PROBATION: DISTRICT COURT MAY GRANT DEMAND TO EXECUTE A SENTENCE EVEN IF THE PROBATIONARY TERMS ARE LESS ONEROUS

Appellant received stayed sentences on two DWI cases from two counties and was placed on probation for each. Upon his second probation violation, both district courts granted Appellant’s demands to execute his sentence. On appeal, Appellant argues the district courts erred in granting his demands as the terms of the probationary sentences were less onerous than the conditions of the executed sentences. The Court of Appeals first determines the proper standard of review is plain error, as Appellant invited the claimed errors made by the district courts.

Next the court finds the district courts did not commit plain error here, because, as a threshold matter, Appellant failed to establish that the district courts made any errors at all. Prior case law established that a defendant has a right to demand execution of a presumptive sentence when the probationary sentence is more onerous. However, this rule does not prohibit a district court from granting a demand to execute a sentence that carries more onerous conditions than a probationary sentence. The district courts are affirmed. State v.
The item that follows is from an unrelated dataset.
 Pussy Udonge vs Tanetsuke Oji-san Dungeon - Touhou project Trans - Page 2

Bogonko, A23-1342, A23-1547, 6 N.W.3d 481 (Minn. Ct. App. May 6, 2024).

IMMUNITY: GOOD SAMARITAN OVERDOSE MEDICAL ASSISTANCE ACT PROVIDES IMMUNITY FROM PROSECUTION FOR ONE WHO ACTS IN GOOD FAITH WHEN SEEKING MEDICAL ASSISTANCE

Appellant was convicted of two counts of fifth-degree controlled substance crimes but argues on appeal that he was immune from prosecution under the Minnesota Good Samaritan overdose medical assistance act (MSGA). The district court held Appellant failed to satisfy the good faith requirement of the MGSA and rejected Appellant’s request to submit the immunity claim to the jury as an affirmative defense. While the Court of Appeals agrees that the MSGA provides immunity from prosecution, not an affirmative defense, the court reverses the district court’s immunity decision.
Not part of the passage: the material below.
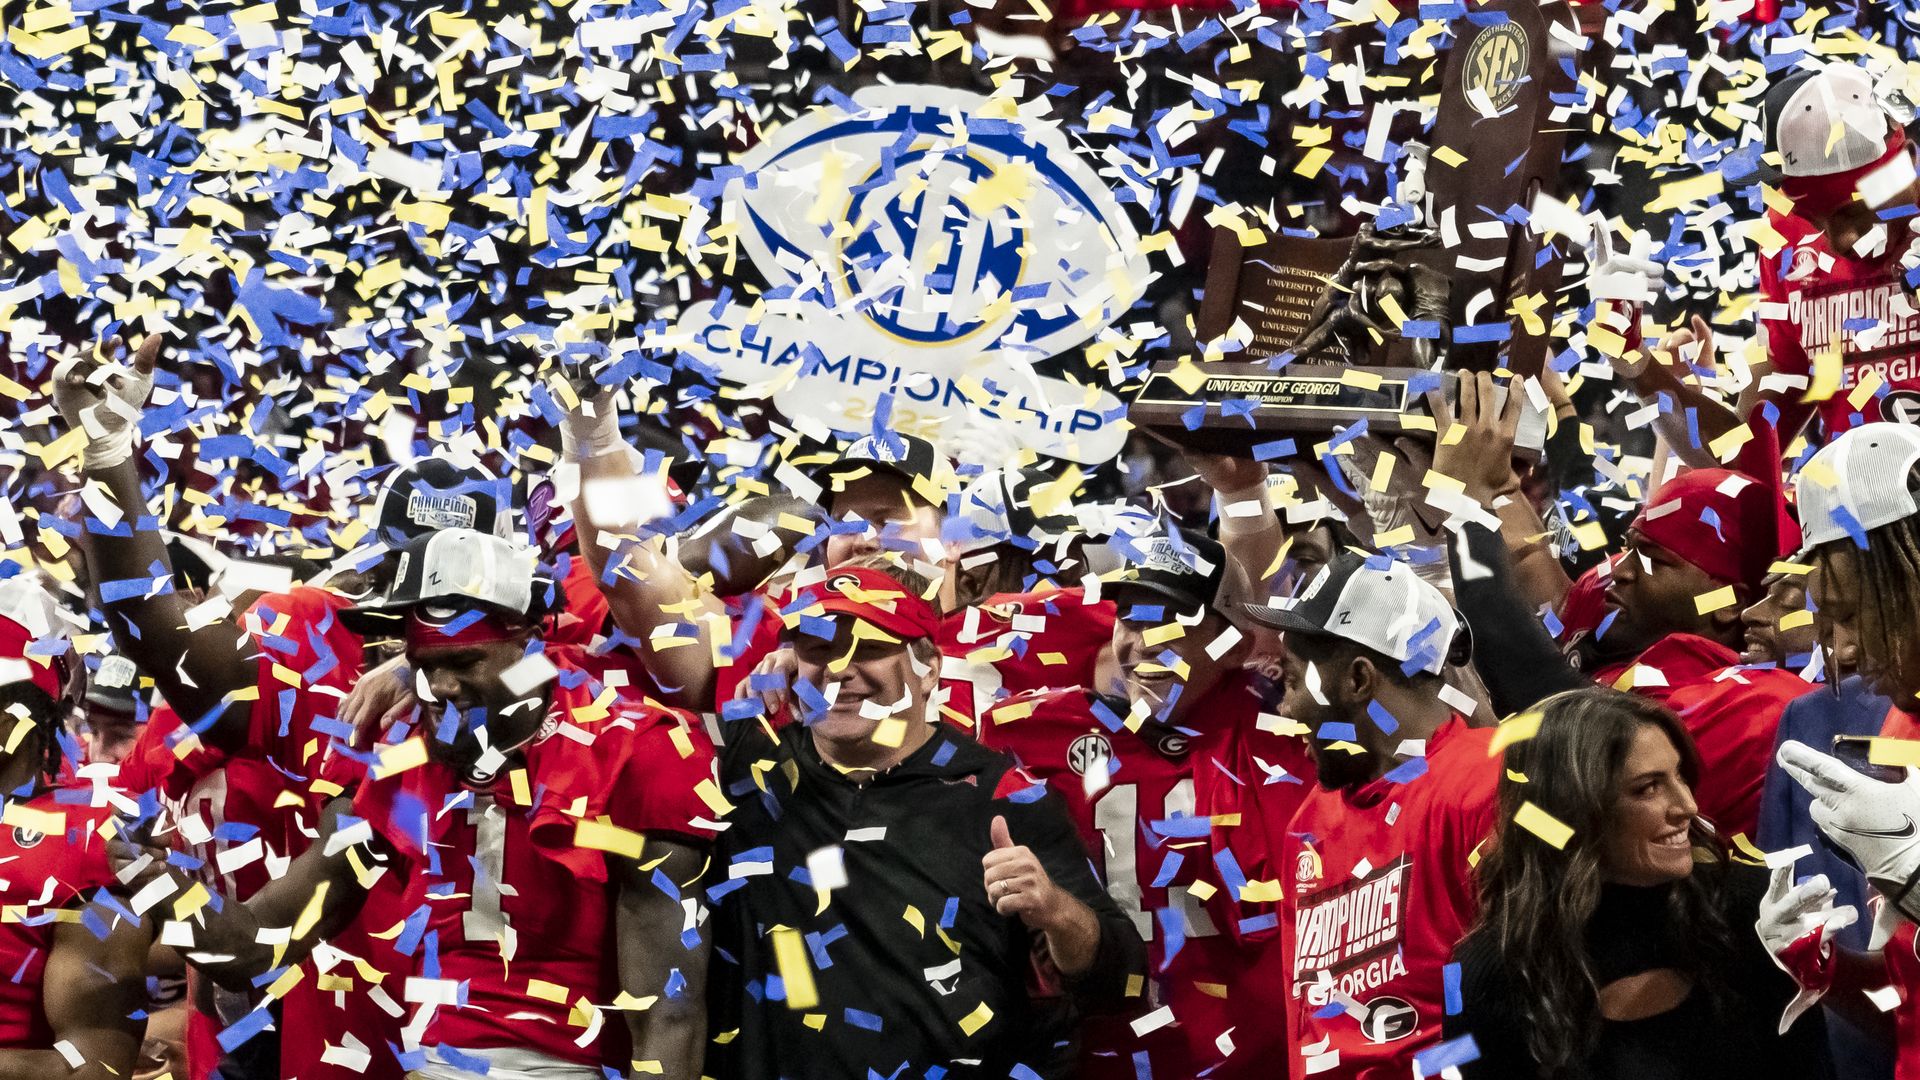 confetti falls around the Georgia Bulldogs as they hold up the SEC championship trophy

Appellant called 911 to report his friend was “blue” and not breathing. While waiting for police, Appellant attempted CPR. He met police at the door and helped them move his friend from the couch to the floor. He also answered questions posed by police and told them his friend had consumed alcohol and cocaine. Marijuana and a compound containing heroin and fentanyl were later found in Appellant’s truck. His friend’s autopsy revealed he had died from the effects of fentanyl, heroin, ethanol, and cocaine.

The MSGA provides that “[a] person acting in good faith who seeks medical assistance for another person who is experiencing a drug-related overdose may not be charged or prosecuted for the possession, sharing, or use of a controlled substance…, or possession of drug paraphernalia,” if “(1) the evidence for the charge or prosecution was obtained as a result of the person’s seeking medical assistance for another persons; and (2) the person seeks medical assistance for another person who is in need of medical assistance for an immediate health or safety concern, provided that the person who seeks the medical assistance is the first person to seek the assistance, provides a name and contact information, remains on the scene until assistance arrives or is provided, and cooperates with the authorities.” Minn. Stat. § 604A.05, subd. 1.
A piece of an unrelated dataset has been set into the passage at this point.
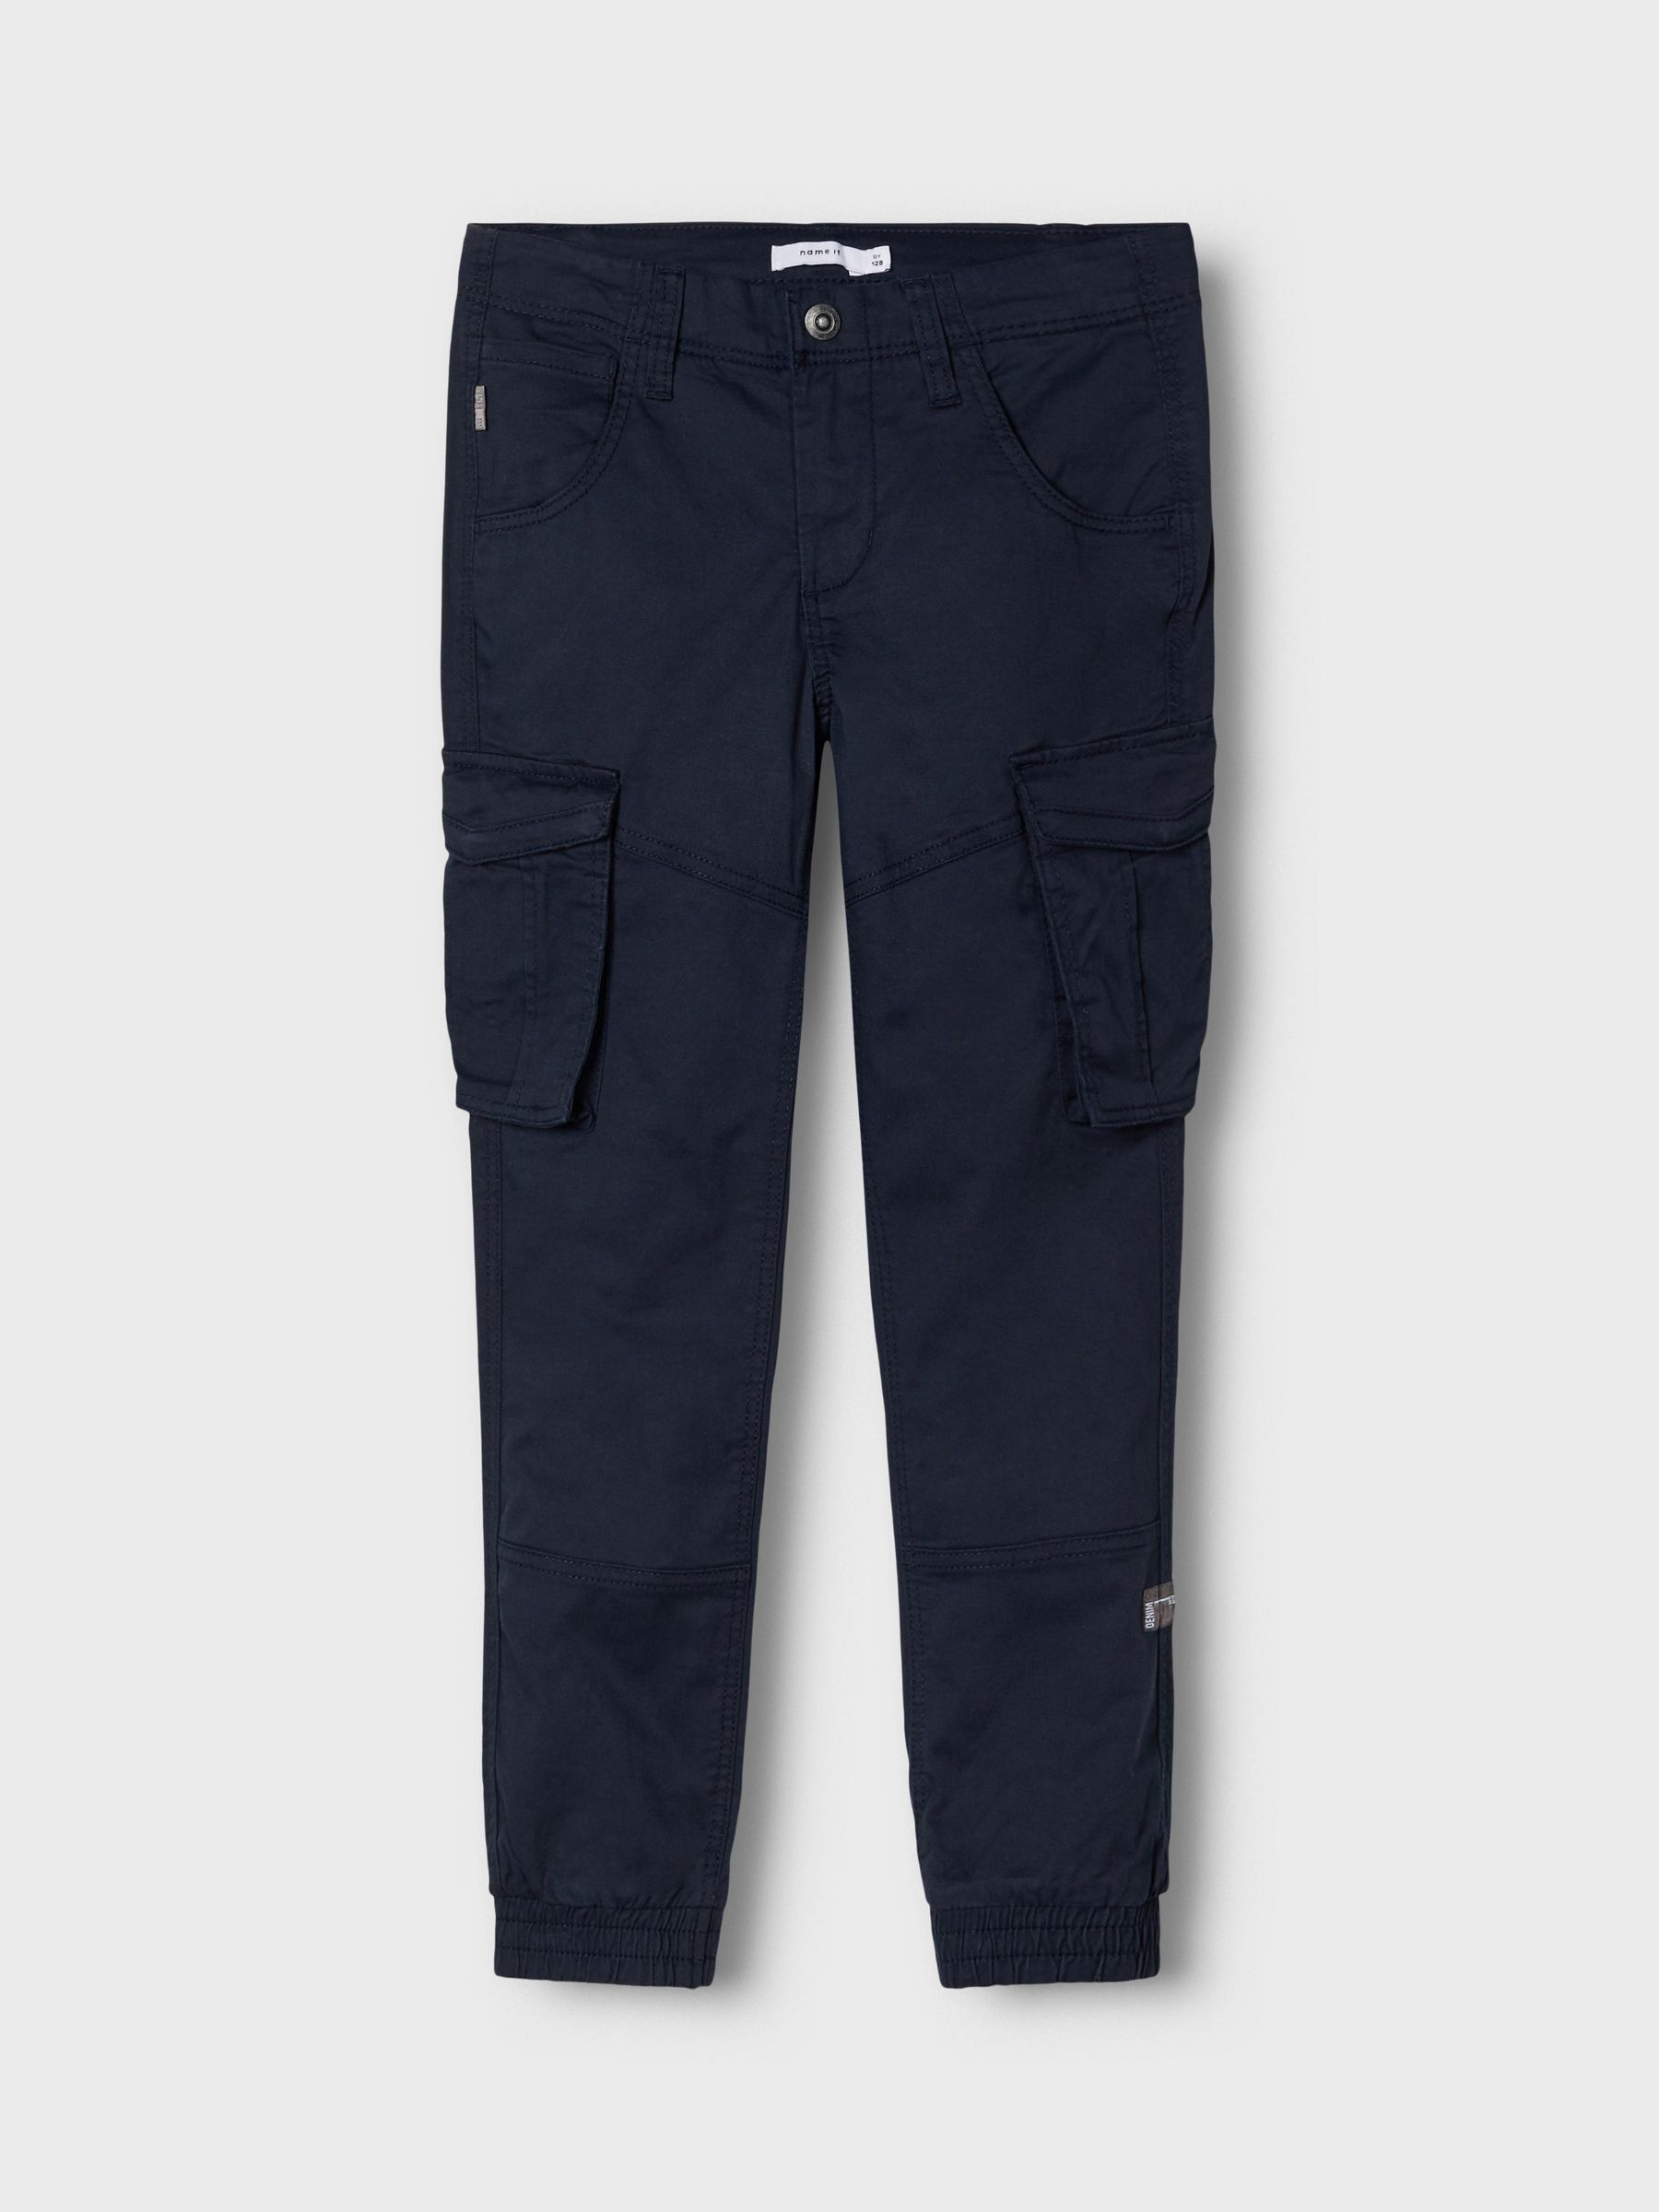 Buy Core Cargo Fleece Jogger Men's Jeans & Pants from Buyers Picks. Find  Buyers Picks fashion & more at DrJays.com

The district court found Appellant did not act in good faith because he delayed telling police that his friend had ingested cocaine until specifically asked about drug use, did not share the extreme amount of alcohol consumed until after his friend had already died, and did not mention the potential that his friend had ingested heroin.

The Court of Appeals holds that the MSGA’s use of the phrase “may not be charged or prosecuted” clearly indicates that it establishes an immunity, rather than an affirmative defense. The question turns, then, to whether Appellant acted in good faith and whether he cooperated with authorities. The court agrees with Appellant’s argument that the “good faith” requirement applies only to the act of seeking medical assistance, and not to any other requirements of the MSGA. “A person acting in good faith who seeks medical assistance” is interpreted by the court to mean “a person acting with an honesty in belief or purpose who tries to locate medical assistance.” The phrase does not, as the district court held, require the immediate disclosure of all known or possibly known intoxicants ingested by the overdose victim.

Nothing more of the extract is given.